I'm looking for a way to prove that this system of equations has no solution for $A, B, C, a, b, c$ positive integers with $a, b, c$ distinct.
$$2^A * a = 3 * c + 1$$
$$2^B * b = 3 * a + 1$$
$$2^C * c = 3 * b + 1$$
If zero can be accepted, then there are solutions, for example: $A=0$, $B=3$, $C=2$, $a=13$, $b=5$, $c=4$.

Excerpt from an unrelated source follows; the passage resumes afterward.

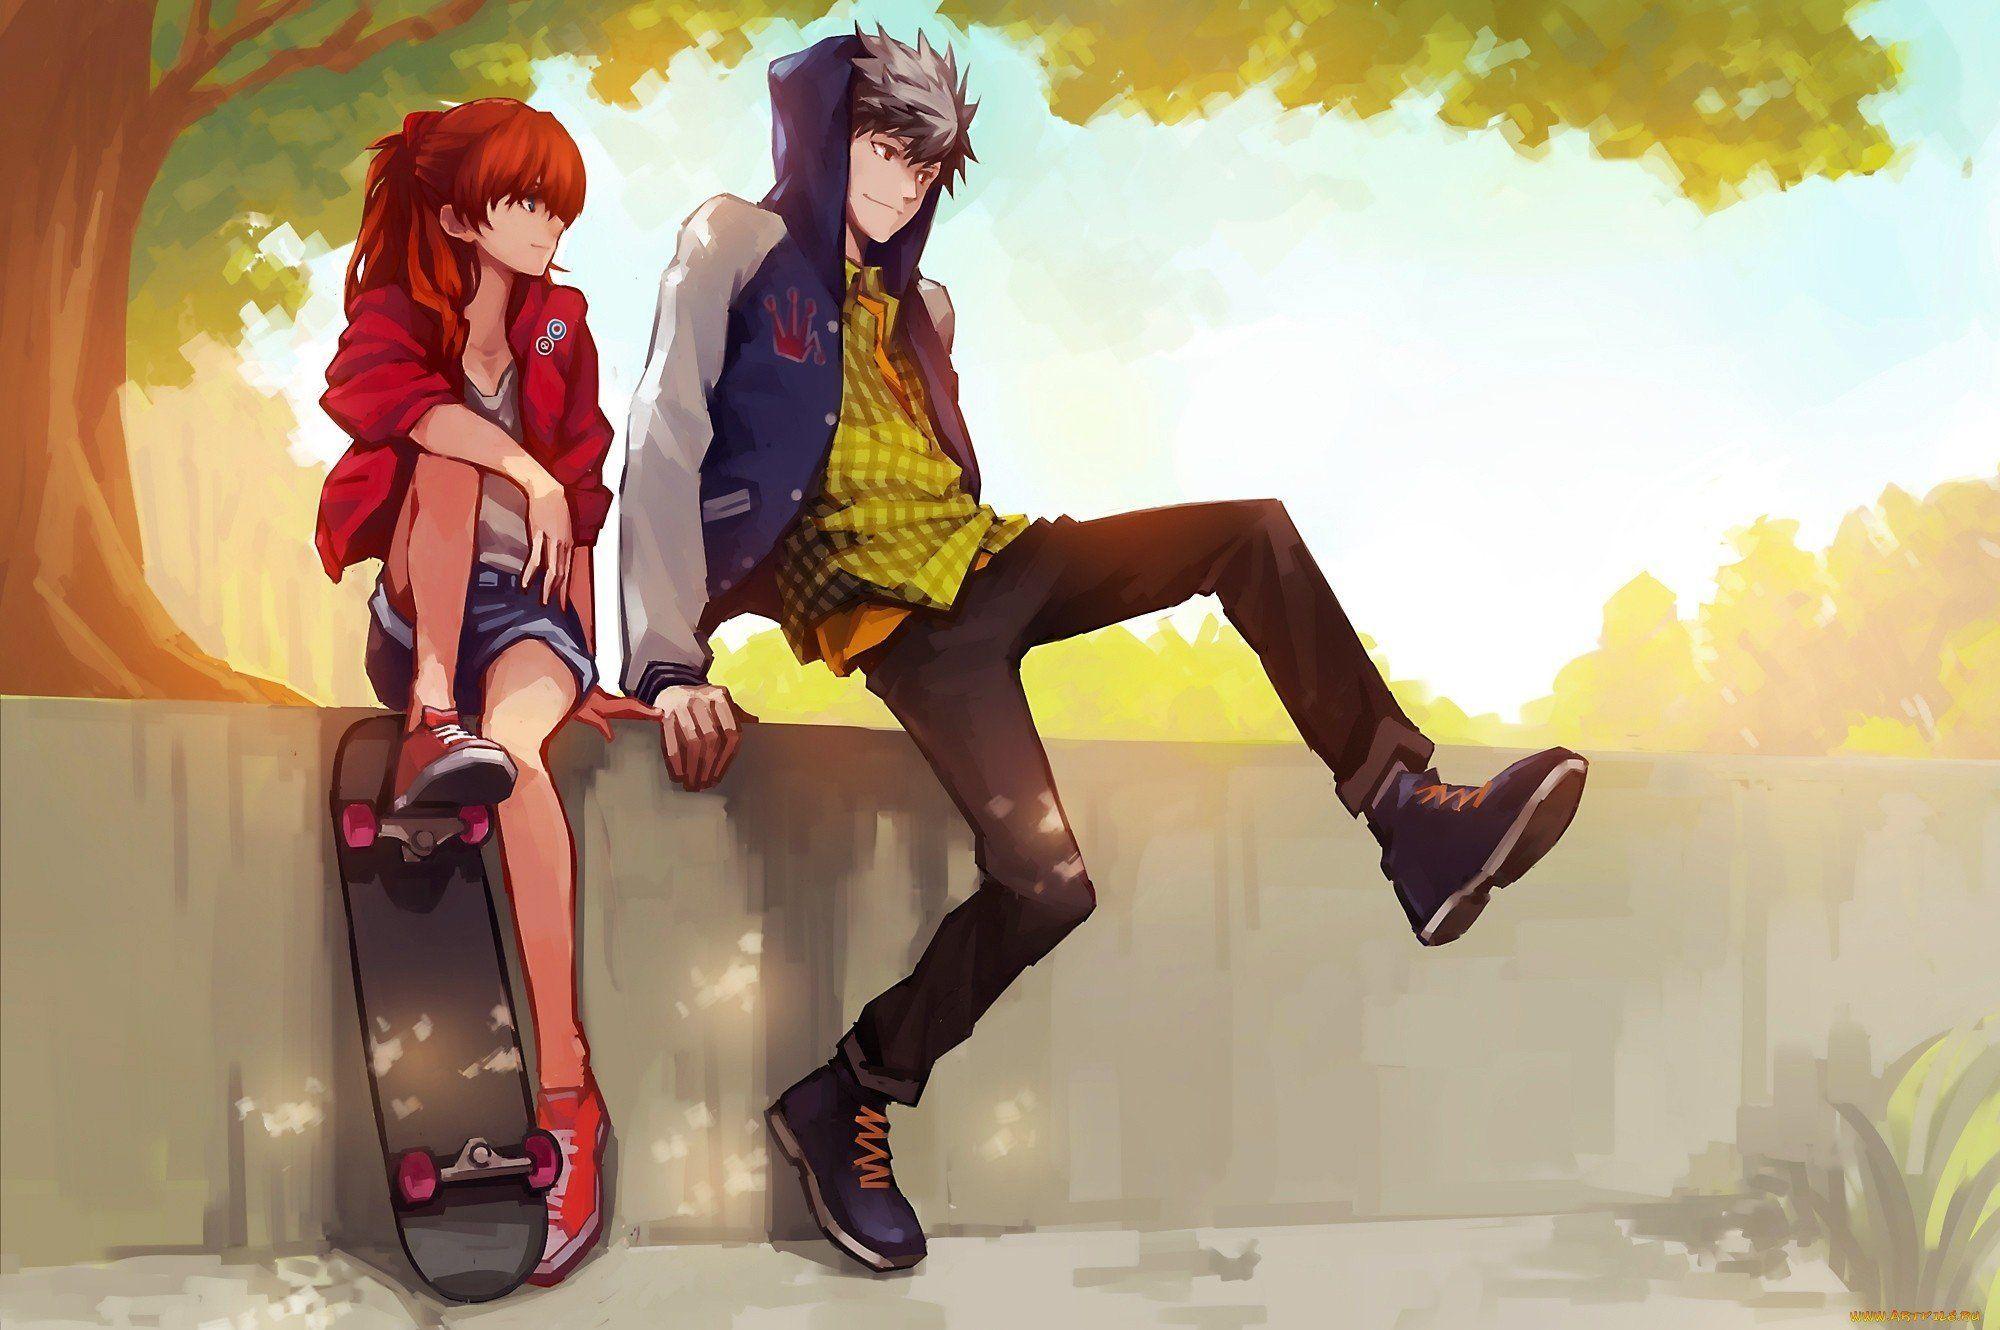 Wallpaper Skateboard Anime Girl Skateboards Anime Art Skateboarding  Background  Download Free Image
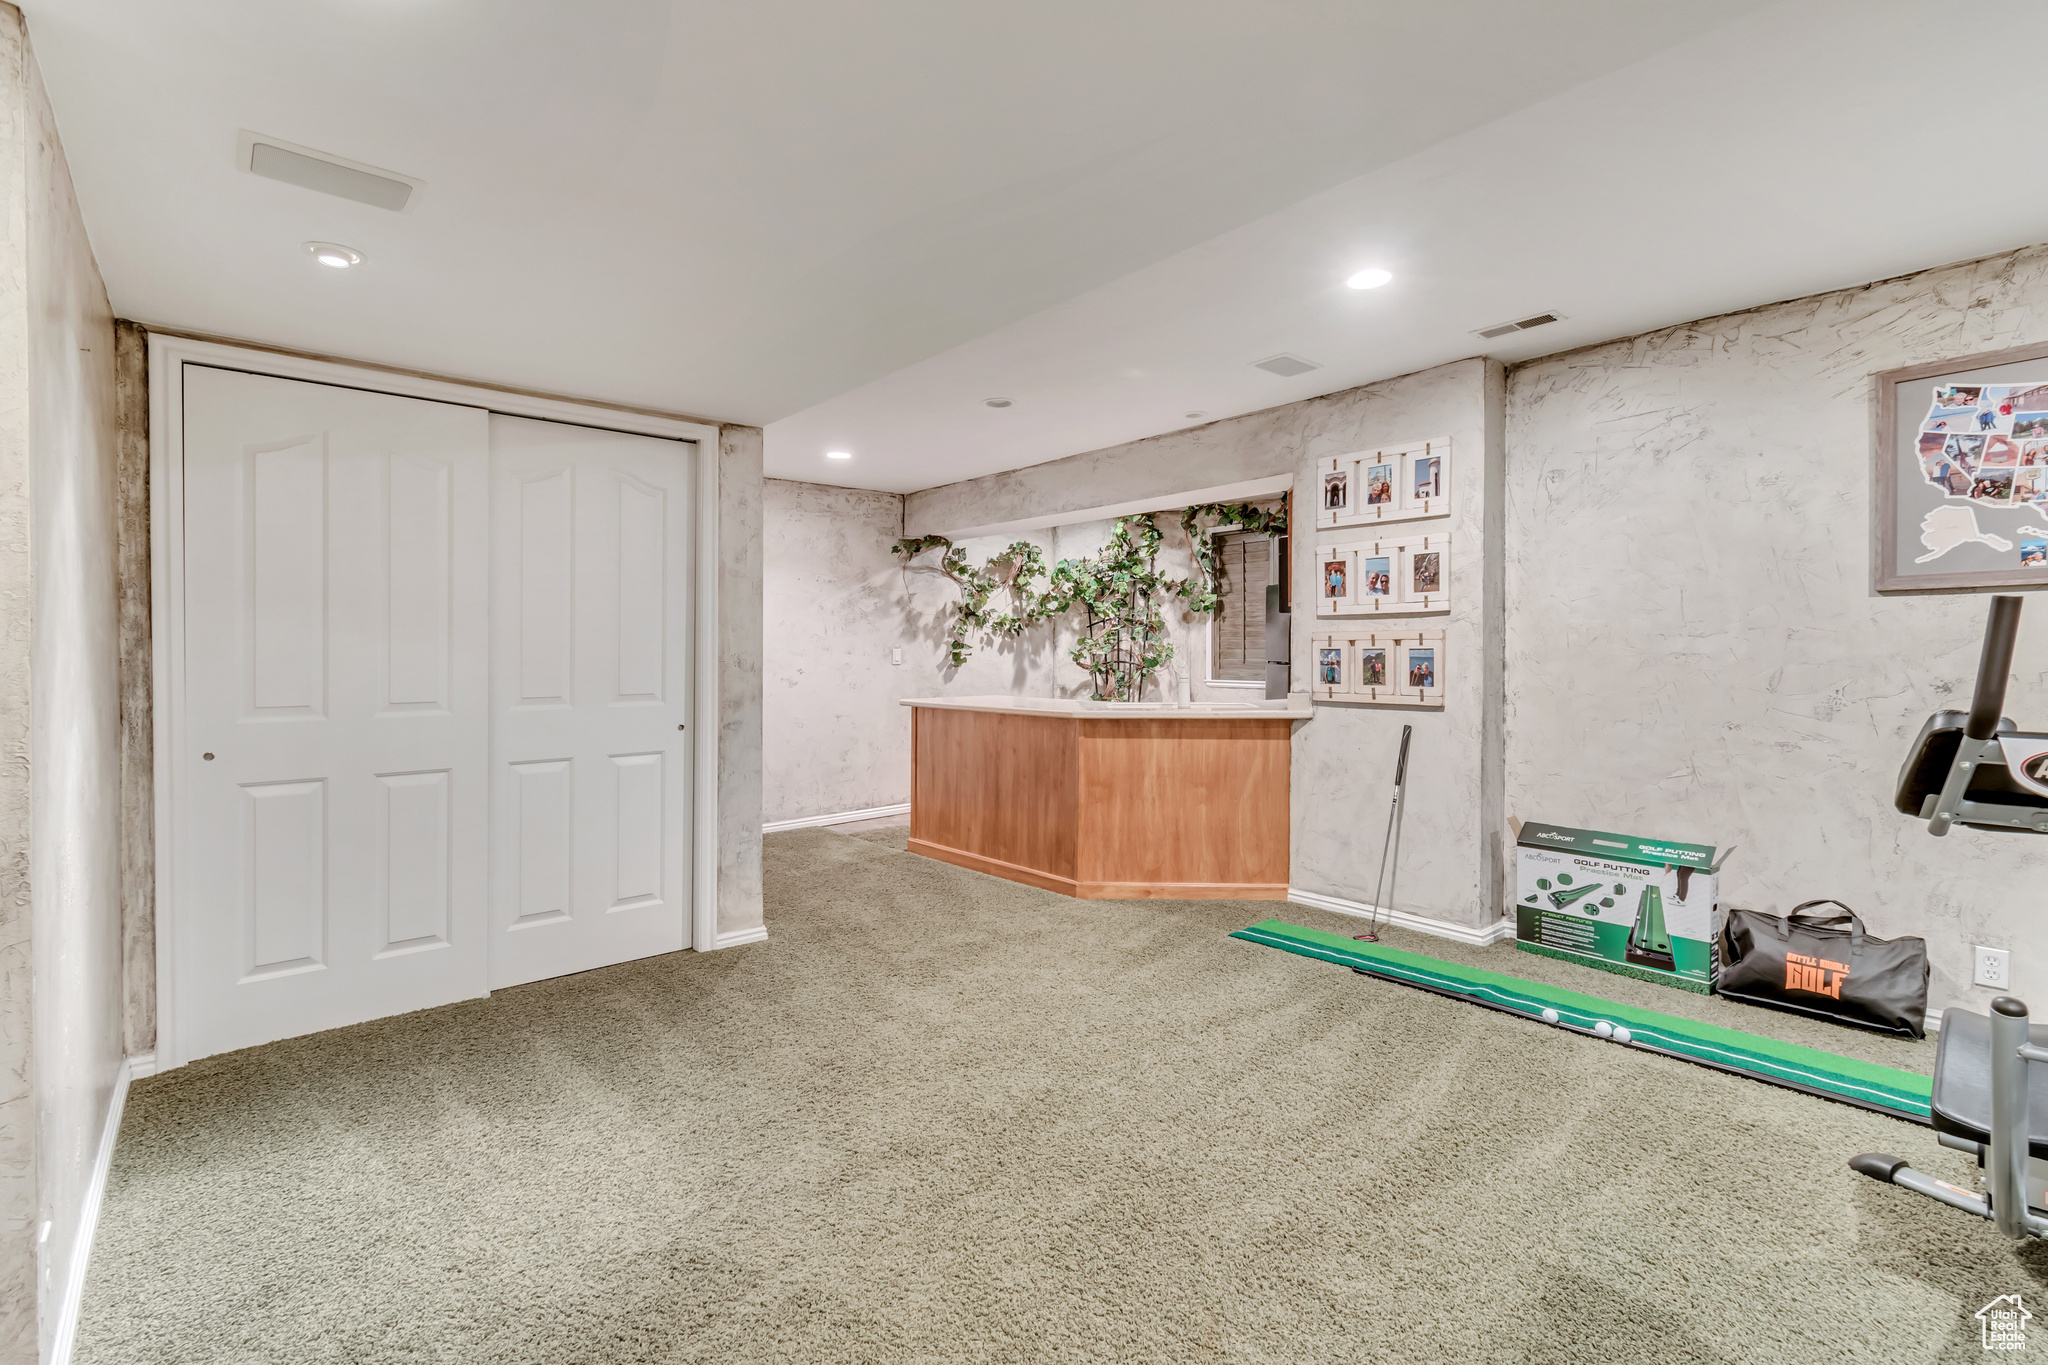 Interior space with carpet flooring

I've checked solutions using a computer program, but I don't know how to start a mathematical proof.
Can someone help me?
Multiplying the equations together, $$abc 2^{A+B+C} = (3a+1)(3b+1)(3c+1)$$
so $$2^{A+B+C} = \left(3+\frac{1}{a}\right)\left(3+\frac{1}{b}\right)\left(3+\frac{1}{c}\right)$$
Since $a,b,c$ are distinct positive integers, the quantity on the right hand side is at most $$\left(3+\frac{1}{1}\right)\left(3+\frac{1}{2}\right)\left(3+\frac{1}{3}\right)=\frac{140}{3}$$
so $A+B+C \le 5$. Since $A,B,C$ are positive, there aren't many possibilities and it's easy to show these don't have integer solutions.